In August some gardens have only annuals - these are pretty and useful because many bloom fast and keep going till frost if you deadhead them. But some of the loveliest flowers in August come from bulbs, corms and other perennials.
One of the most spectacular is colchicum (Autumn Crocus). These produce large, goblet-flowers which usually are pink-purple and single though 'Waterlily' is a popular double. Colchicum are hardy sun-lovers that adapt to most soils and increase into thick mats.
White colchicum aren't easy to get but the huge, white Colchicum speciosum is worth snapping up if you can find it. A smaller white is the fast-growing C. autumnalis alba. This has masses of flowers with pure white stems.

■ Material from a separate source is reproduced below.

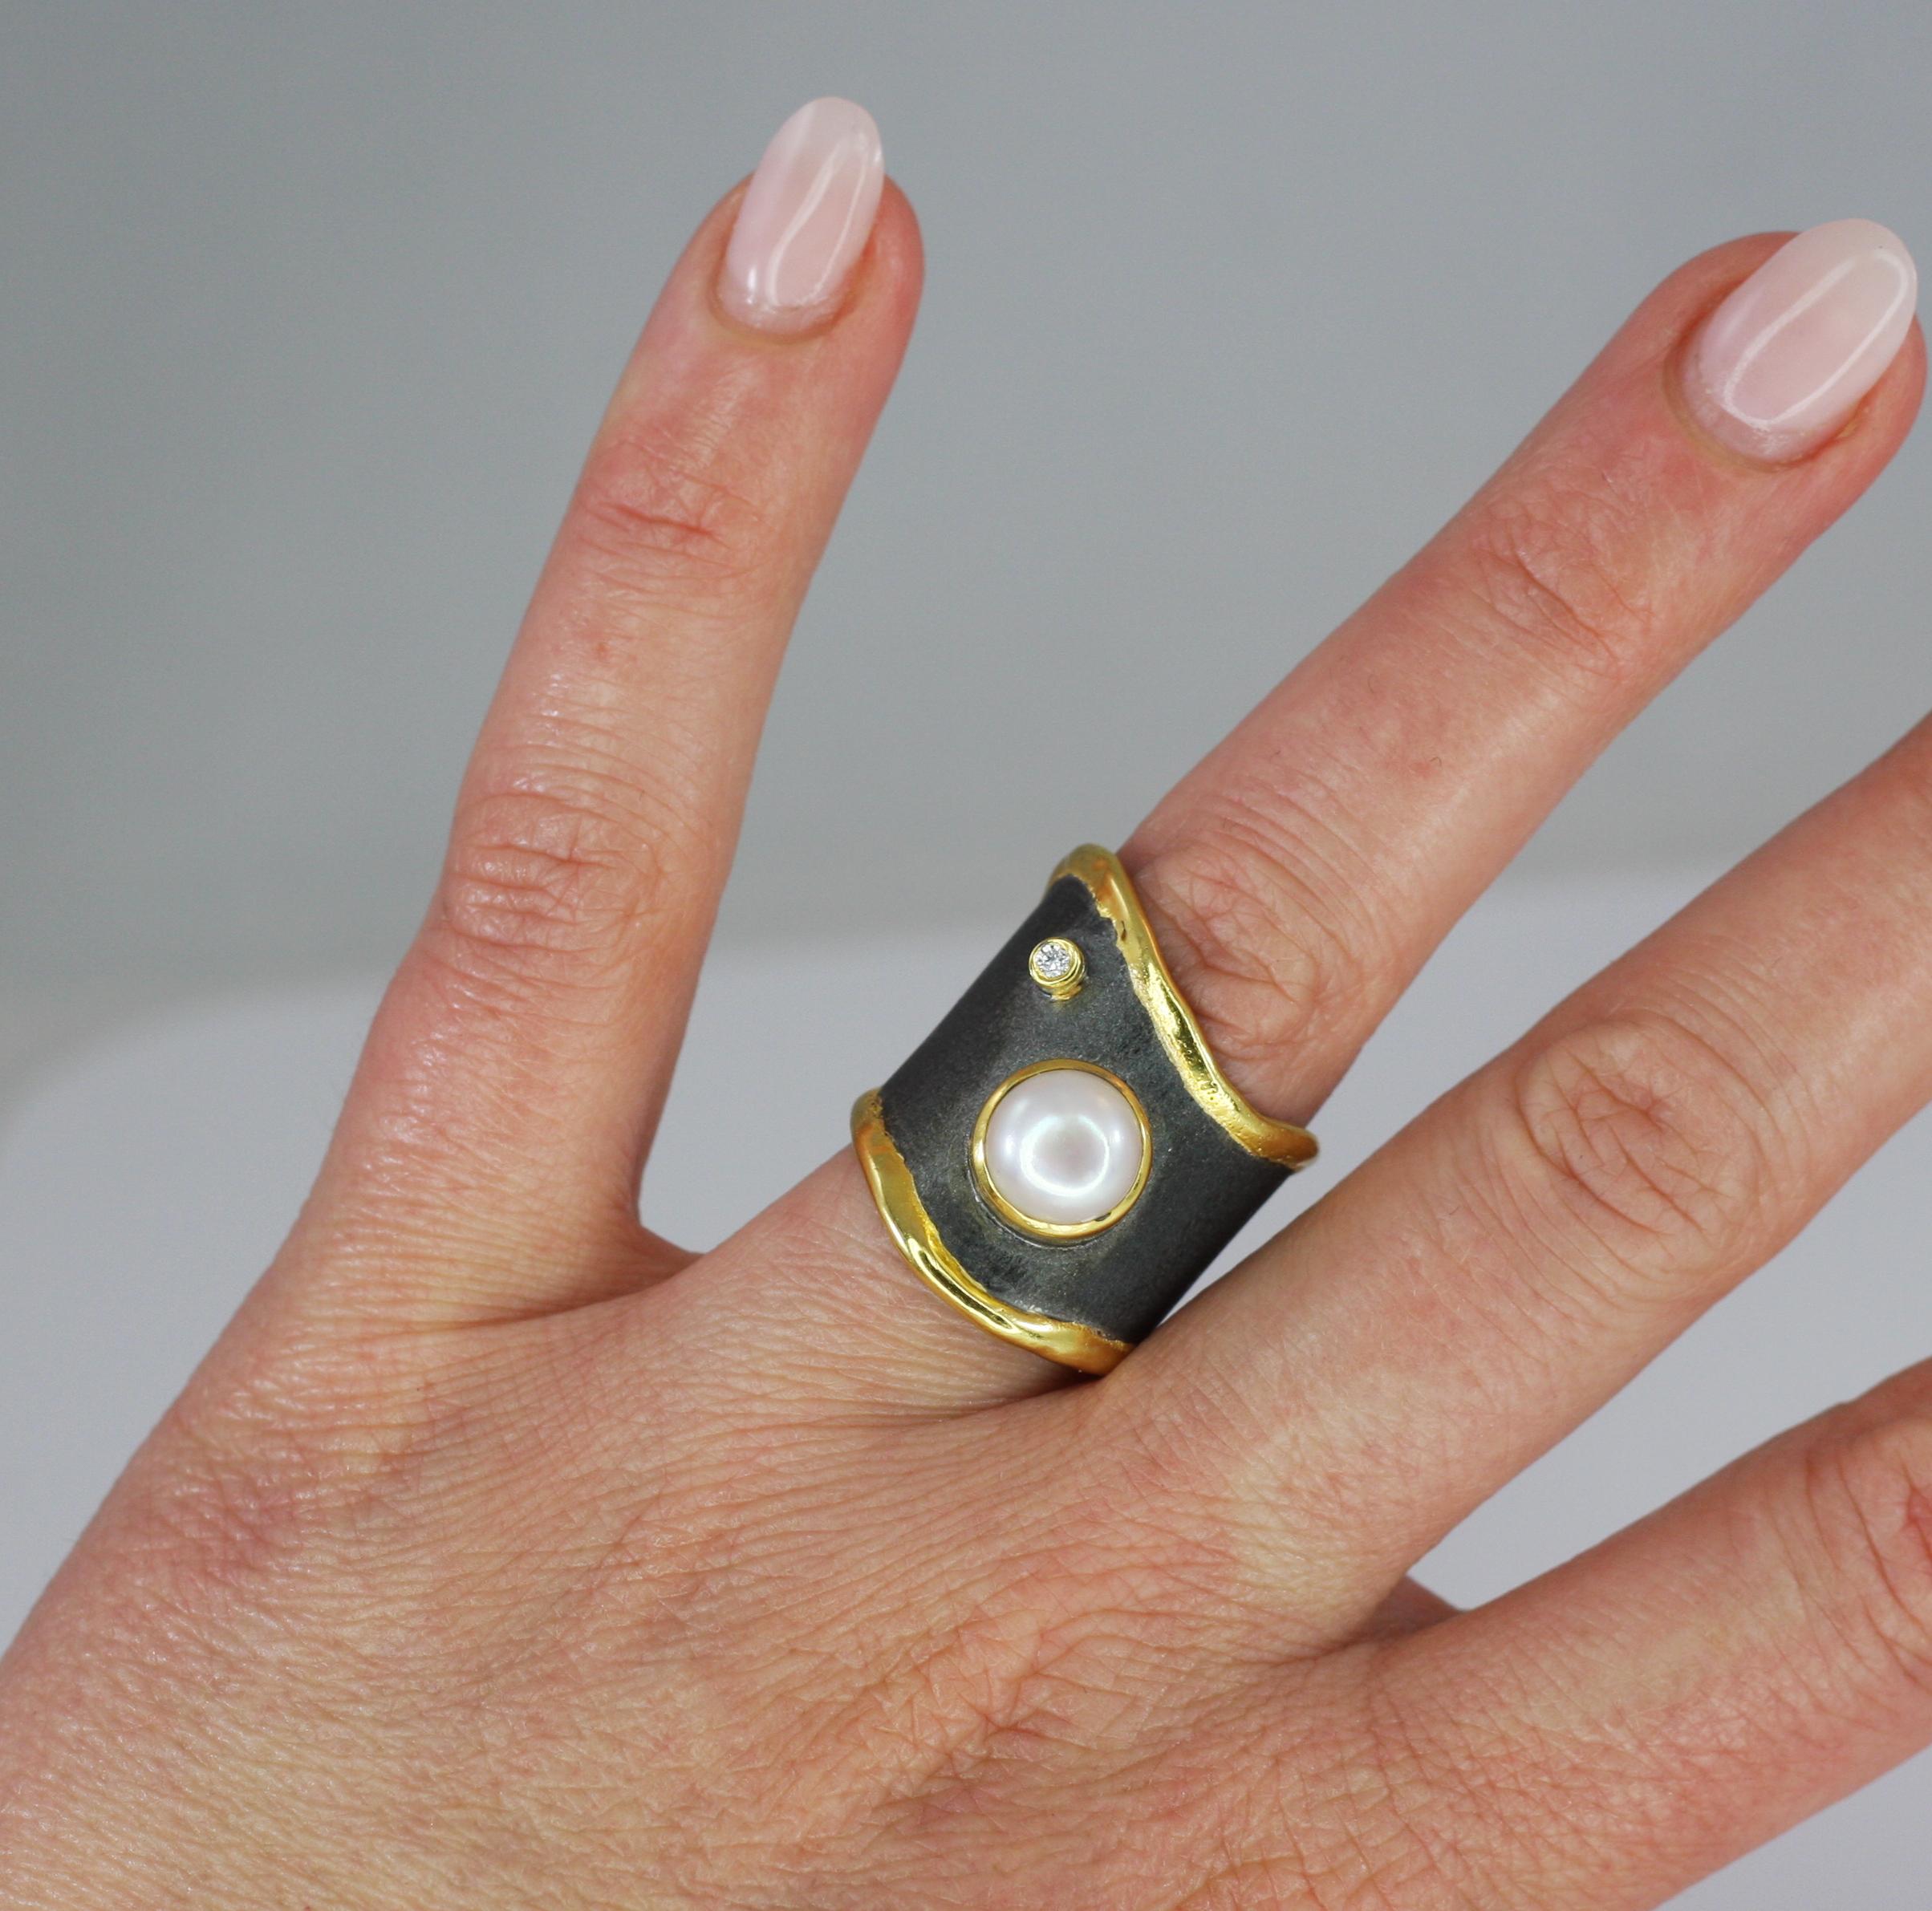 Enjoy artisan unusually shaped Yianni Creations ring from Eclyps Collection. This 100% handmade ring was crafted in Greece from fine silver 950 purity and plated with black rhodium. The edges are decorated with thick 24 Karat Yellow Gold overlay.

They all go dormant in summer and this is the only season they can be successfully moved. That's why August/September is the only time they're offered in nurseries. Squirrels never dig colchicum and rabbits won't eat it. It's very poisonous.
Also being sold at this time is the true autumn-flowering crocus which looks very like the spring crocus but flowers in late August and into September. The earliest flowering one I know is the pink-flowered Crocus zonatus. There's also the spectacular blue Colchicum speciosus which flowers a little later.
Both like sun and welldrained conditions. If you can keep squirrels and voles away, these crocuses will seed themselves into a little colony. Leaves emerge after flowering and remain through winter.
During August, Cyclamen hederifolium begins flowering. This little hardy cyclamen is dormant through summer, not caring if it's watered or not. If watering resumes in August flowering is triggered a little earlier than usual. During flowering watering should continue otherwise the blooms don't last as long.
The pink or white true cyclamen flowers are pretty - but the true glory of this cyclamen is the patterned leaves which emerge in fall and beautify the ground through winter. The basic form has green leaves with silver markings but many variations have been developed including solid silver leaves.
This cyclamen (and its winter-flowering cousin Cyclamen coum) isn't difficult from seed providing you know what to expect. Germination is staggered over several months and become dormant and vanish over summer. They'll reappear in fall. Flowering from seed takes about three years, but seed all around.
Another gorgeous August flower is the hardy agapanthus.
The variety I'm familiar with is 'Cally Hardy. This is usually safer mulched, but will come through a mild winter. Blooms are usually deep true blue and carried in allium-type heads. Leaves vanish with frost, but through spring and summer hardy agapanthus is a low-growing grassy-leaved mat.
Gardeners who like growing plant from seed shouldn't find this agapanthus difficult - though one has to wait a few years for flowers. Chiltern Seeds lists it most years. Time-short gardeners would likely find this agapanthus in specialty nurseries. Then there's Schizostylis coccinia which is frequently found in plant sales. It looks like a small hardy gladiolus with stems of reddish (or pink) starry flowers. It's a sun-lover with a reputation for doing better with watering.
But since I once saw it growing on a rock in North Vancouver, it may be open to experiment.